Records shown:
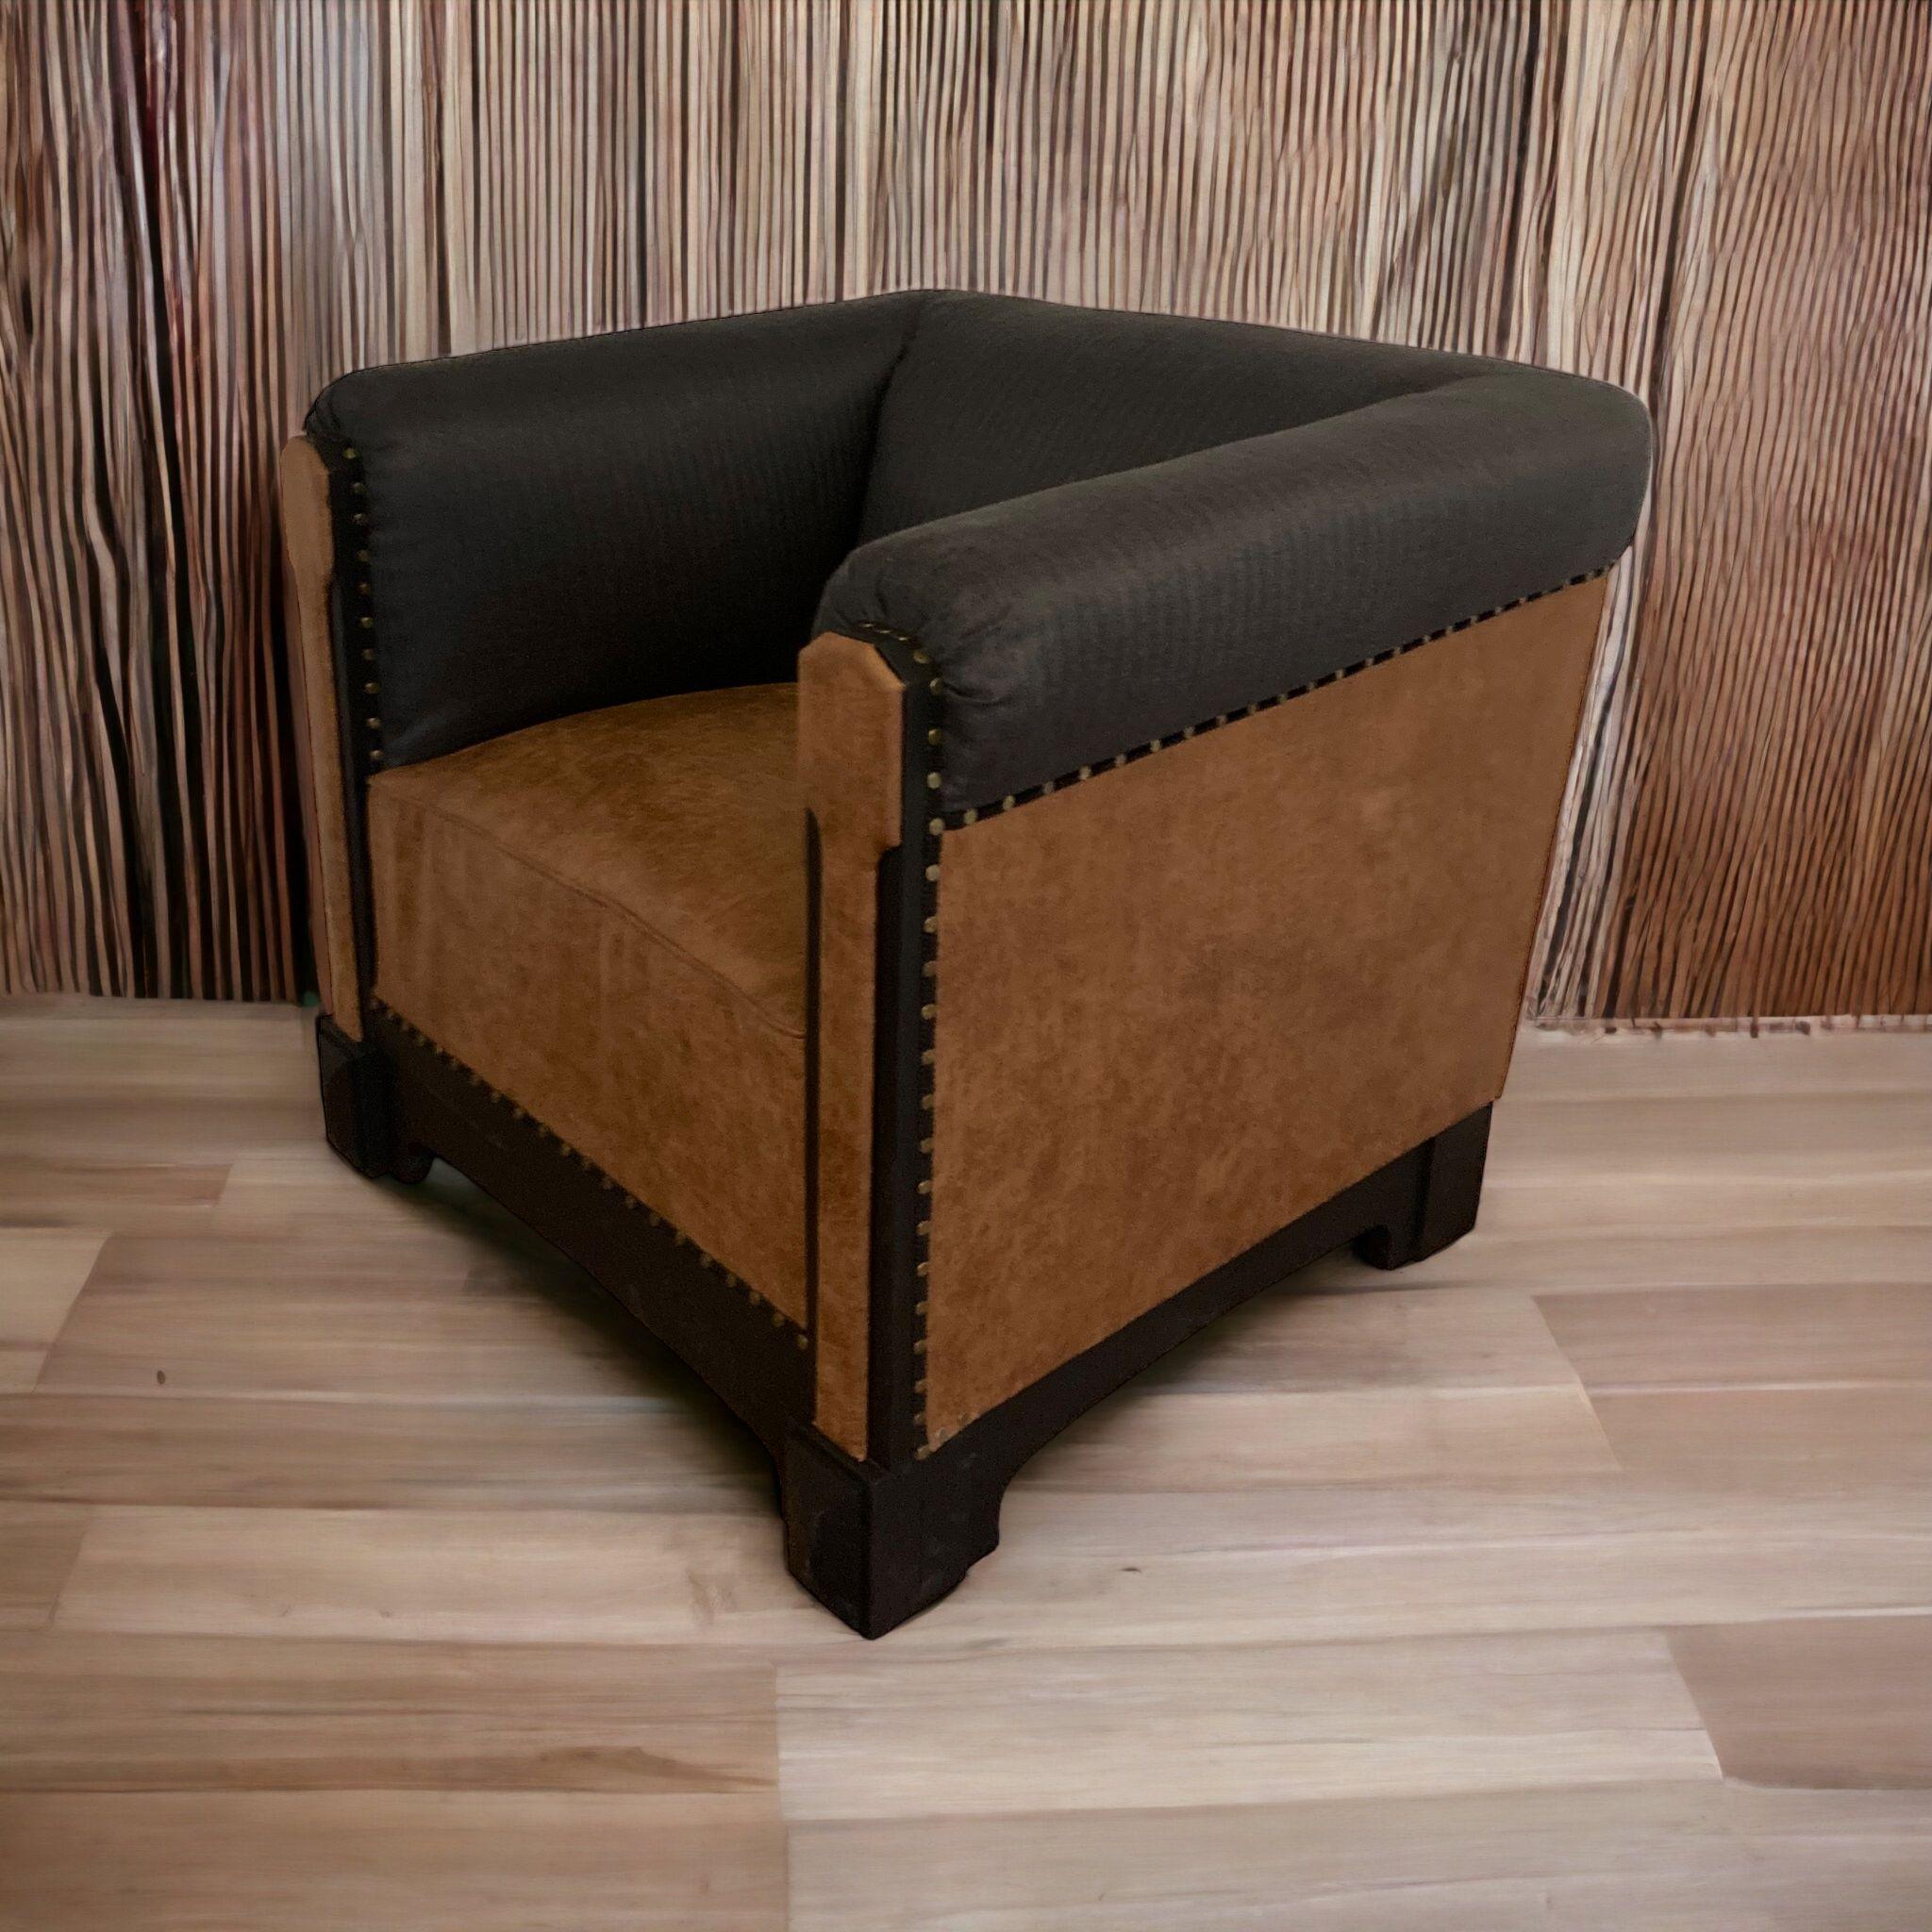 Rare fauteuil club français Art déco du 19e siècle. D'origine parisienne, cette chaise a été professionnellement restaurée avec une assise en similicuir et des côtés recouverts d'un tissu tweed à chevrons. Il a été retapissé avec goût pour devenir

...

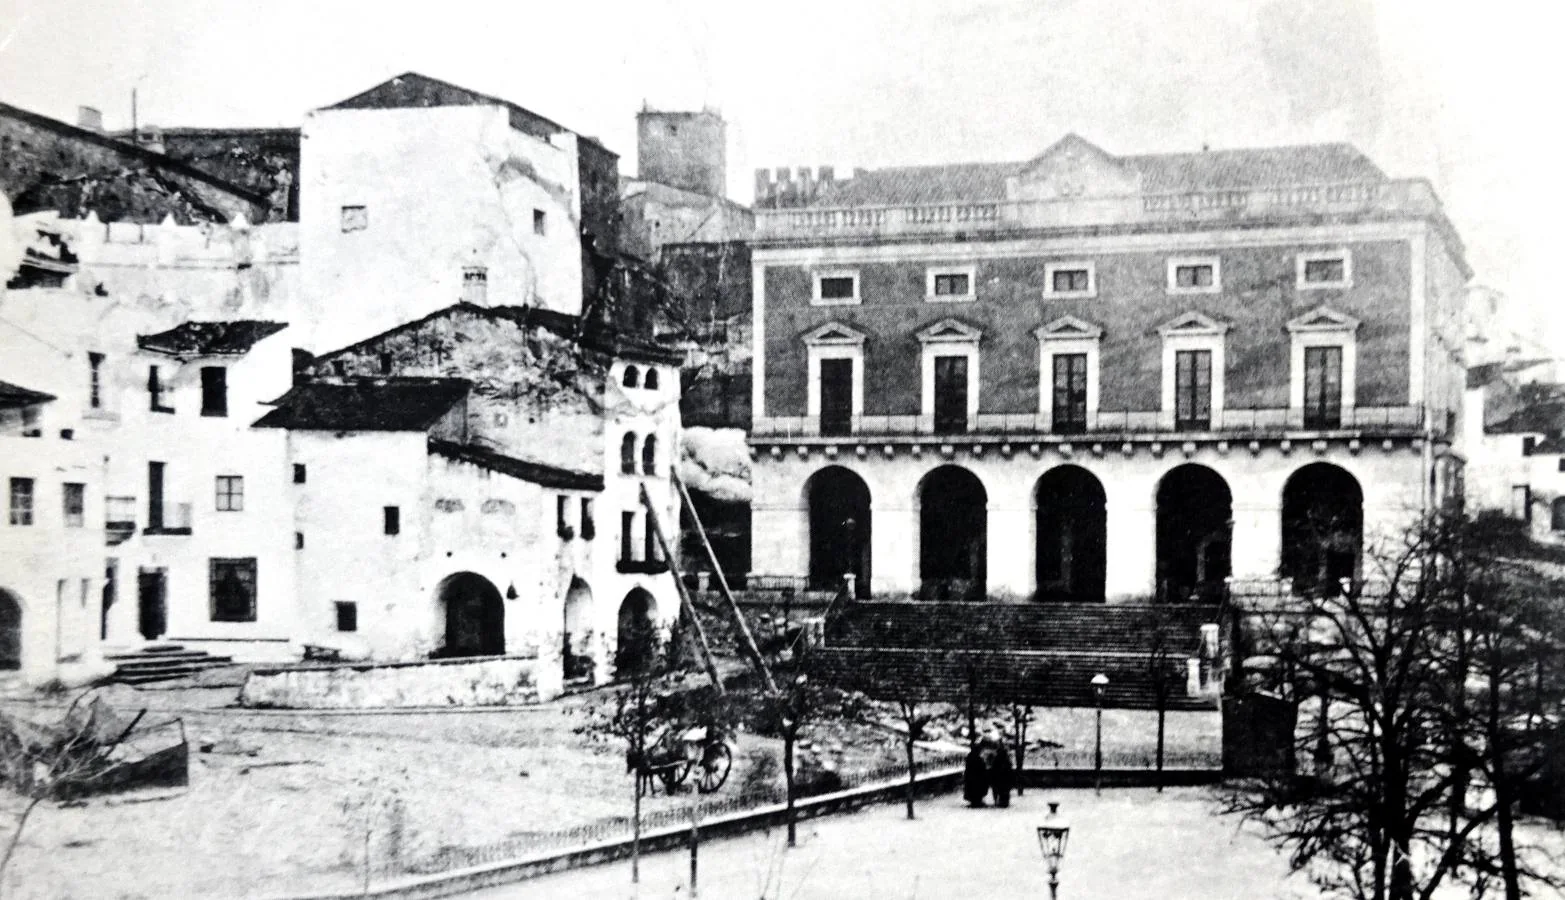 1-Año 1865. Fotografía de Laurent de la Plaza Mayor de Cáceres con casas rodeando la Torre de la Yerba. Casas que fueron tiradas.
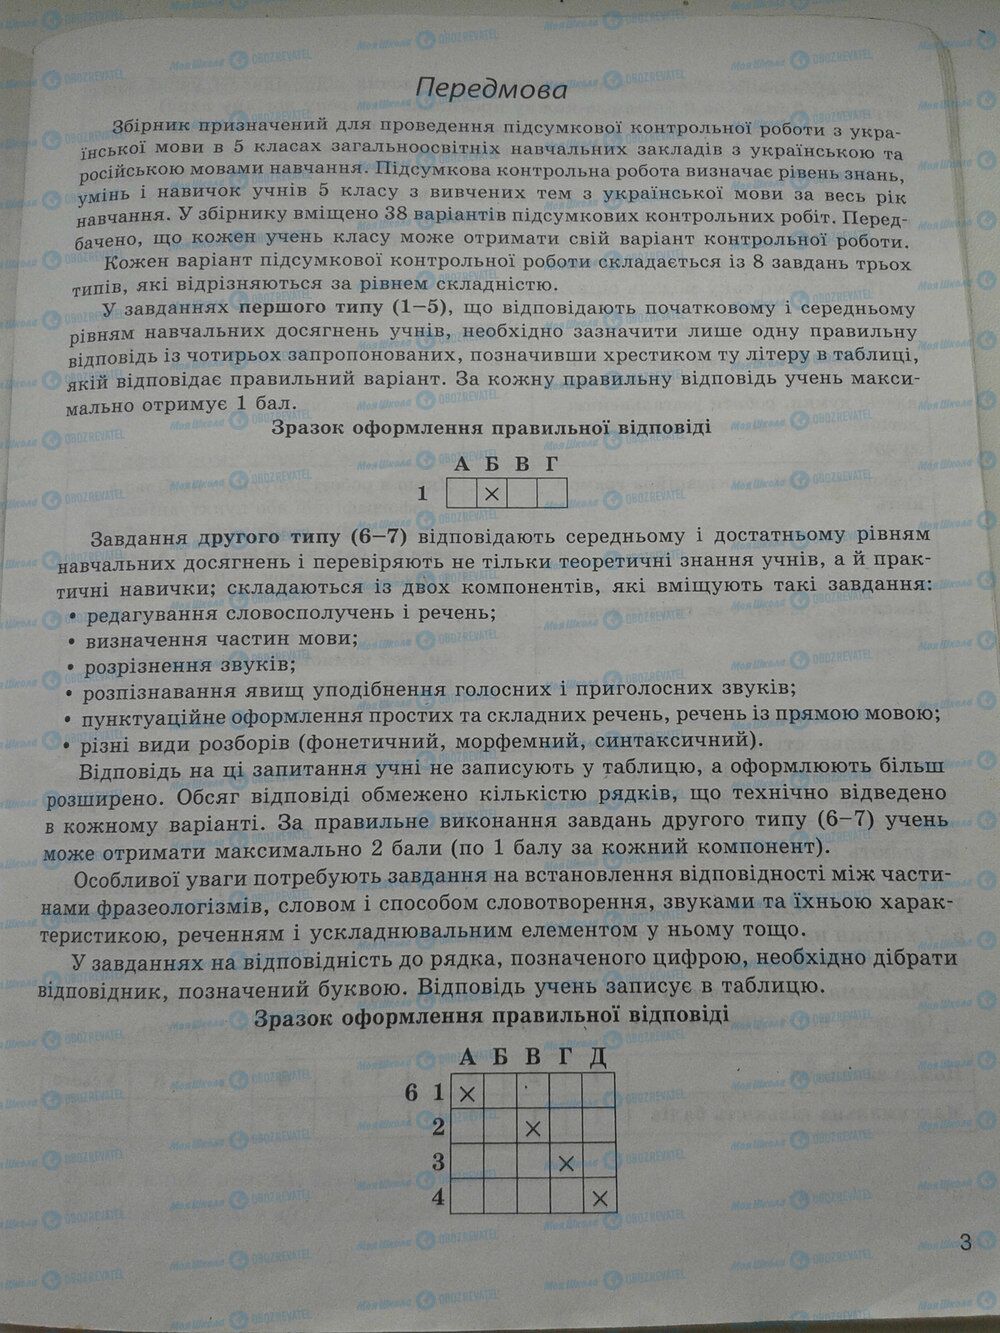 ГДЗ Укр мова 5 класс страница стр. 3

Task to complete:
From the records above, write out exactly the lines that begin at the line with "1-Año 1865. Fotografía" and end at the line with "ГДЗ Укр мова 5 класс страница стр. 3". Pictures must not appear in the output.

Answer to the problem:
 1-Año 1865. Fotografía de Laurent de la Plaza Mayor de Cáceres con casas rodeando la Torre de la Yerba. Casas que fueron tiradas.
 ГДЗ Укр мова 5 класс страница стр. 3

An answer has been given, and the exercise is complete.